As issues are identified, the root cause for errors needs to be determined and data should be analyzed so that all similar items can be examined. For example, if a particular lawyer, real estate agent, mortgage broker or appraiser shows a pattern of causing a loss or is involved with a questionable loan, all loans touched by that individual should be examined.
Today most companies have quality-management frameworks that meet the minimum need for investors and regulators. Yet we see significant limitations in the current approach to testing.
Rather than being performed early on, testing is still typically done later in the process and is more reactive than proactive. We see companies spread testing across departments or functions, from operations to oversight to auditing. Doing so adds costs and reduces the ability to cross-leverage between those functions. Today's testing processes are limited to the manual observation of defects, so errors are tracked, but real-time analysis is missing.
Ultimately, the testing systems in place today aren't efficient or cost-effective, resulting in defects that could have been prevented. That's because issues are identified after the fact, when losses have already occurred. Needless to say, remediation costs are expensive.
Testing can be streamlined by placing automated testing technology in the hands of the frontline operations (see sidebar, "Automation of Quality Tests"). By doing so, issues are identified and resolved much earlier in the process, potentially prior to a defect or problem occurring. Instead of reviewing individual transactions, control organizations should instead focus on reviewing the effectiveness of the automated controls.
Simply put, automating the testing of loans is a more effective and proactive approach to preventing defects. It's also more comprehensive than manually testing--the entire population of loans can be tested, rather than just a sample. Sampling risk is inherent whenever testing is performed on less than the full population.
By eliminating the majority of manual effort, an automated process ends up being cheaper. Defects can be readily analyzed, giving management access to better information so they can make better decisions.
Shared services in the mortgage operations structure
To achieve optimal value for an organization, there needs to be an effective use of resources. I recommend a quality shared services model, which consolidates quality activities that are traditionally performed by a number of control organizations throughout the business.

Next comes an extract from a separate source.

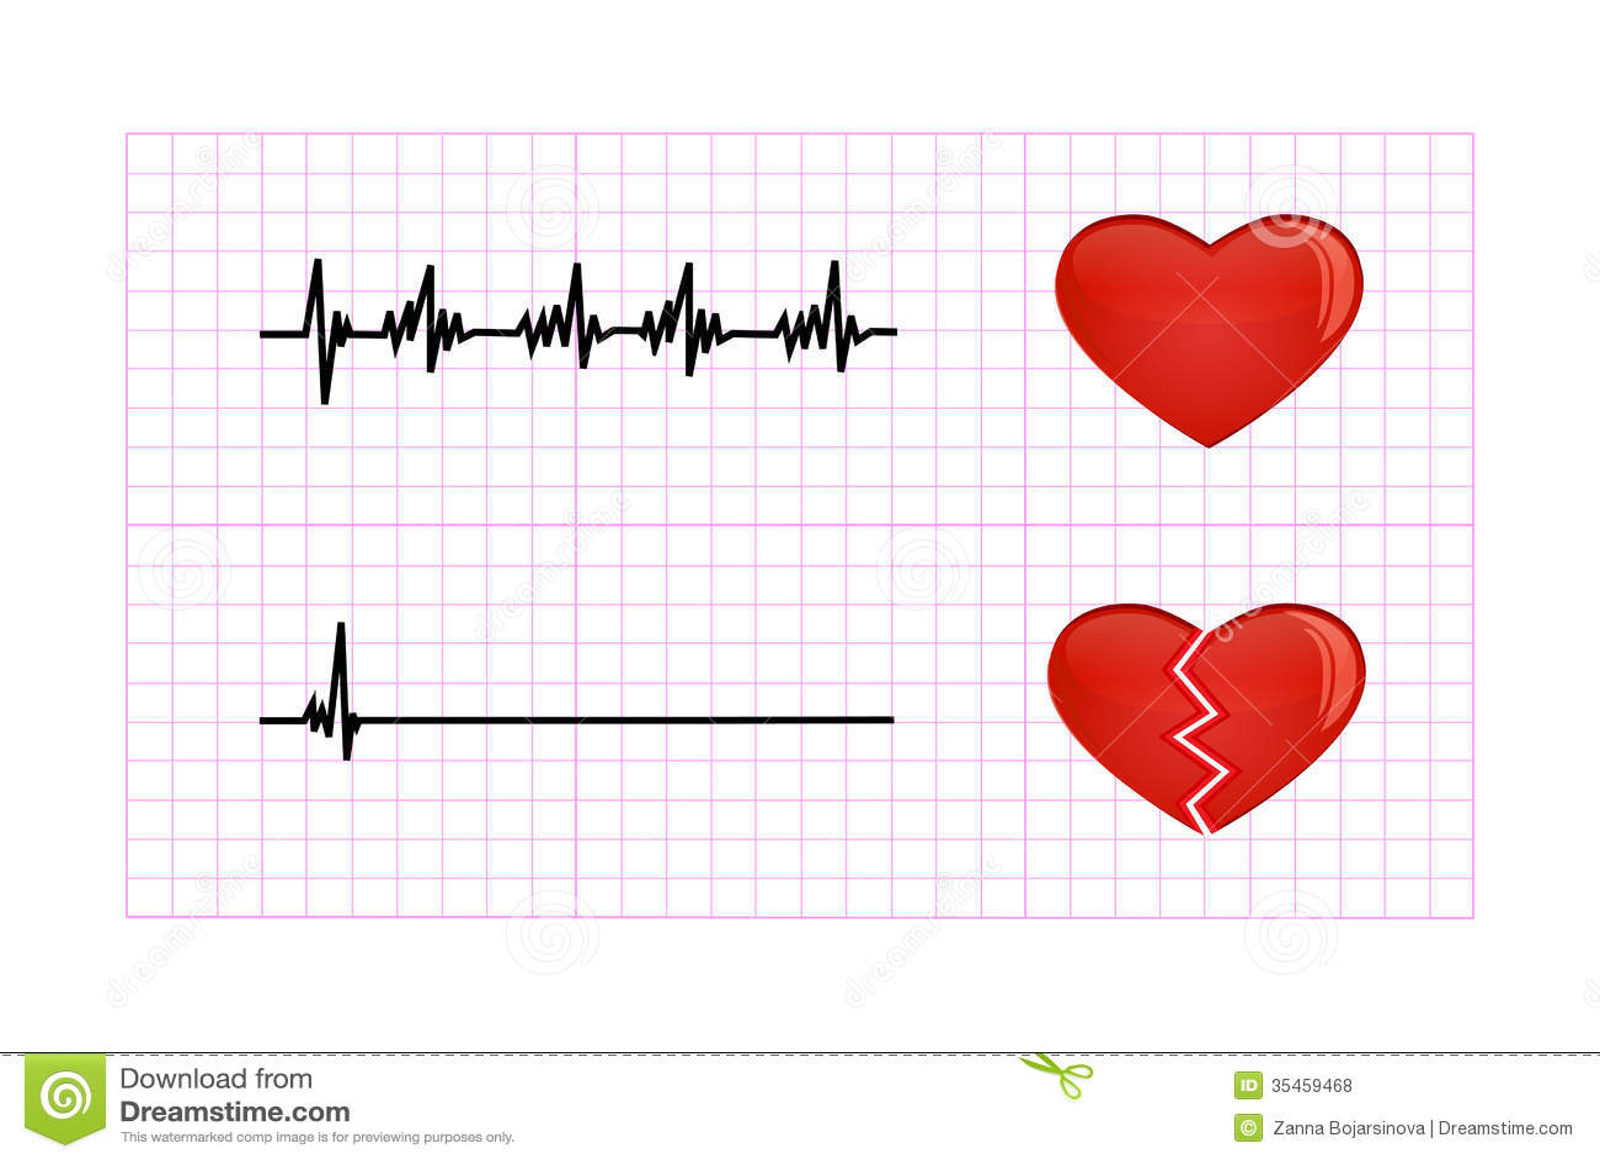 Heartbeat Diagram Illustration Royalty Free Stock Photos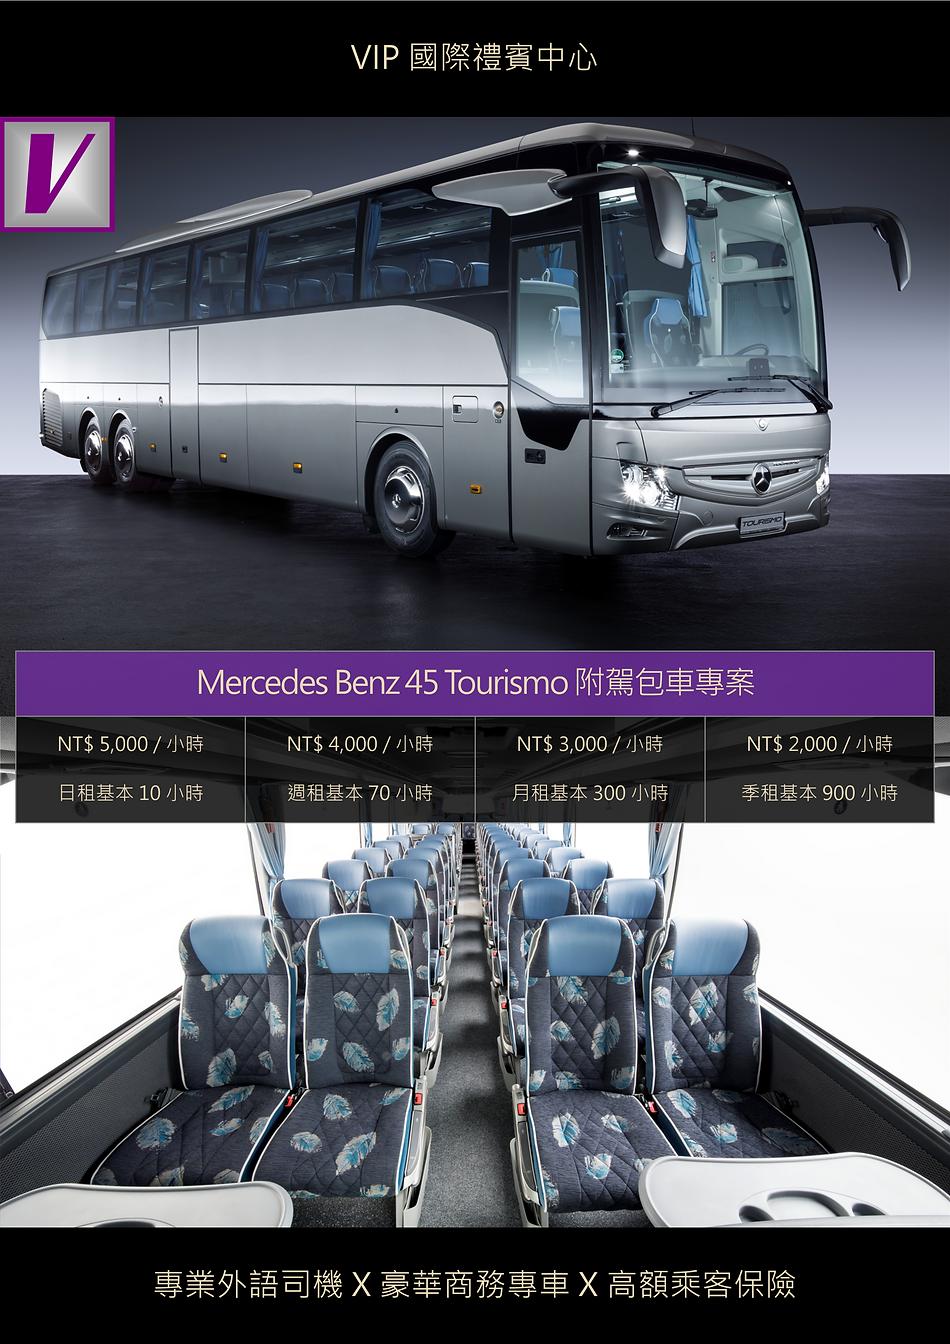 VIP國際禮賓中心 MERCEDES BENZ 45 TOURISMO 附駕包車專案 DM.png

A quality shared services model can help achieve a higher level of quality standards and improve decision support at a lower cost level. I see some larger mortgage lenders starting to adopt certain parts of the shared service model, but I believe the industry still has a long way to go.
Control organizations should share their technology infrastructure and common services where possible. All control organizations undergo a similar process from rule management to remediation. The technology requirements of each should not differ substantially. It is important that control organizations perform their functions independent of each other.
Verification activities, such as test design and testing, should have minor operational leverage. Scoping and monitoring activities, such as rule management and risk assessment, however, may be shared. The management of rules, as well as connections to policies and procedures, and assessments made at the scoping phase helps ensure that efforts are not being duplicated. It also helps ensure that the direction taken by all is consistent with overall enterprise objectives.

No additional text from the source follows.